I spend more time than I’d like to admit investigating why metrics that should be identical vary from one tracking source to another. Sometimes the difference is due to bugs, but often just due to the nature of how the tracking system works. It’s also given me an appreciation for just how difficult it is to get truly precise metrics.
For example, consider this simple example:
You run a site that where people sign up for an account and then create a post. What percentage of accounts create a post?
Sounds pretty simple, right? Here are two possible approaches and where they can lead your metrics astray:
Using your database to figure out the answer
With this approach, we look at how many accounts there are, figure out how many of them have a post, and calculate the percentage that way. If there were 1,000 accounts created in August and 200 of them have a post, 20% have created a post (yay math).
But… what about users who create a post then delete the post? It’s possible that 20 people wound up creating a post then deleting it, so the “true” number of accounts that created a post is actually 220, but your database only reflects 200 posts so you’ll wind up reporting 20% instead of 22%.
What about users who deleted their account? Instead of 1,000 accounts there were actually 1,100 accounts, but 100 of their owners wound up deleting their account. Unless you set up some special tracking for this, you’re now in a spot where you don’t know exactly how many accounts were created or how many of them created posts.
If your account records have a unique id that increments by 1 each time a new one is created you could figure out the number of accounts relying on that, maybe.
One way around this is to not let people delete their posts or accounts. Maybe you tell them their post was deleted, but don’t actually delete it from your database. Just set a “deleted” flag on the database record and don’t show it to the user. Same thing for accounts. But what happens if they think they deleted their account then try to sign up again with the same email? Will you tell them that their account already exists even though supposedly you deleted it?
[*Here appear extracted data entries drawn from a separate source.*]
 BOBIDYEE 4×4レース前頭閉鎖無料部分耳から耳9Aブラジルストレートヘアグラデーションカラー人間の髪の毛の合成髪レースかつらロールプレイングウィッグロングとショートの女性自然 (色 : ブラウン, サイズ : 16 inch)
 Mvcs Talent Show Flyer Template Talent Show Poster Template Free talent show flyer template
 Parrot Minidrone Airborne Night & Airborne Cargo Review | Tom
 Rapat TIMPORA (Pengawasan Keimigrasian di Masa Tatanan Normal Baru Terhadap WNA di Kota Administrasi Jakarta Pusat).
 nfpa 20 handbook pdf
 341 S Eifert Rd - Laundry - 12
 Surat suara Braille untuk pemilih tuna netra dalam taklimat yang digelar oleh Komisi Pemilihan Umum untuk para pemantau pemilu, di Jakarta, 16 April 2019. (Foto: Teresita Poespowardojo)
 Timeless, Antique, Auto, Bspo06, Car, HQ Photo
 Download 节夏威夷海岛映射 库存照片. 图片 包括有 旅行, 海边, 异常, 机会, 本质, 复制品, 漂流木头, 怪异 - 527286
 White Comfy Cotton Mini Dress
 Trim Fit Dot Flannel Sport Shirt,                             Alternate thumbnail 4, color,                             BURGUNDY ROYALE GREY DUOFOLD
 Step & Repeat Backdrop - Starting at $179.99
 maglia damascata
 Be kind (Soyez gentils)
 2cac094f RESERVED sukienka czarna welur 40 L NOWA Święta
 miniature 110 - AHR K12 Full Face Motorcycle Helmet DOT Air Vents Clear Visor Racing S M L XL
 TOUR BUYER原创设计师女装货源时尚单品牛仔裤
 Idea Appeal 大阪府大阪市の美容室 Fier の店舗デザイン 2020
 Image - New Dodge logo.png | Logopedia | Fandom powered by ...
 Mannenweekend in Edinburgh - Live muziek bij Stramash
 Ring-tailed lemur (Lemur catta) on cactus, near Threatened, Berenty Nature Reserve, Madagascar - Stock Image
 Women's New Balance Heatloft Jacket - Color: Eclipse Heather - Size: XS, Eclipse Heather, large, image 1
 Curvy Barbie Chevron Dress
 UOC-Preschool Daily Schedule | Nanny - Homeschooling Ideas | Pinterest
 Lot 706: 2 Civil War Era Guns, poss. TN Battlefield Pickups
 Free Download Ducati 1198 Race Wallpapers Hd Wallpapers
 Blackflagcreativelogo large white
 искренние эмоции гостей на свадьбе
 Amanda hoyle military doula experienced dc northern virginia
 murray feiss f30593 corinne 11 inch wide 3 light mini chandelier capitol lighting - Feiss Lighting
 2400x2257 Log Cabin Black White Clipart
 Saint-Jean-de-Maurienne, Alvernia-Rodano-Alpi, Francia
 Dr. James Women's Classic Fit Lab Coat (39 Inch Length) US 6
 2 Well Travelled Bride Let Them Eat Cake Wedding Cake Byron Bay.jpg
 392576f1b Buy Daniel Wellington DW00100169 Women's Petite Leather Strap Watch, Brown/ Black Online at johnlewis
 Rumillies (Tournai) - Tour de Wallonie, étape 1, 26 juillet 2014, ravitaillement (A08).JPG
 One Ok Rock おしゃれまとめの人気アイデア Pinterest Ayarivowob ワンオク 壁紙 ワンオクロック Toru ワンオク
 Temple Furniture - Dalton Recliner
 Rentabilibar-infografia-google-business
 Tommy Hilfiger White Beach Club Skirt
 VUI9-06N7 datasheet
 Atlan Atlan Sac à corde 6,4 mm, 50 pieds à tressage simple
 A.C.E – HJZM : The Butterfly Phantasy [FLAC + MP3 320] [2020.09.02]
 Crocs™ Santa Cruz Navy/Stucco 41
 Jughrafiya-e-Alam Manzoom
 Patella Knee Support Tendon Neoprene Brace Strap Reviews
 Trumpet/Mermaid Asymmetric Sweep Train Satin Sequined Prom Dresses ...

There are technical solutions around this, but things are getting pretty complicated already.
Using an analytics tool to figure out the answer
Another approach is to use a tool like Mixpanel or KISSmetrics to try to answer the question. Set up a funnel to measure the conversion rate from your Sign Up event to the Publish Post event.
The good news here is that if users delete a post, it won’t impact the conversion rate that the funnel reports.
The bad news is that if they create additional accounts, they’ll only count once in the funnel because funnels try to measure the actions of people, not accounts.
One possible solution
If I really, really wanted to answer this question precisely, I’d set up a new database table that keeps track of accounts and whether they’ve created a post. These records wouldn’t be impacted if the post or account gets deleted so we can trust that the data is accurate.
Alternatively, you can simply redefine your metric so that you can be precise: instead of “what % of accounts created a post?” you ask “what % of non-deleted accounts have a non-deleted post?”. Not very elegant, but far easier to answer than the original metric.
Does perfect precision matter?
I’d argue that for most metrics (with the exception of revenue metrics), being perfectly precise is not critical. The metrics are probably fine as long as they’re close to the true value and that the way you calculate it is consistent over time.
tl;dr: data analysis is fun :).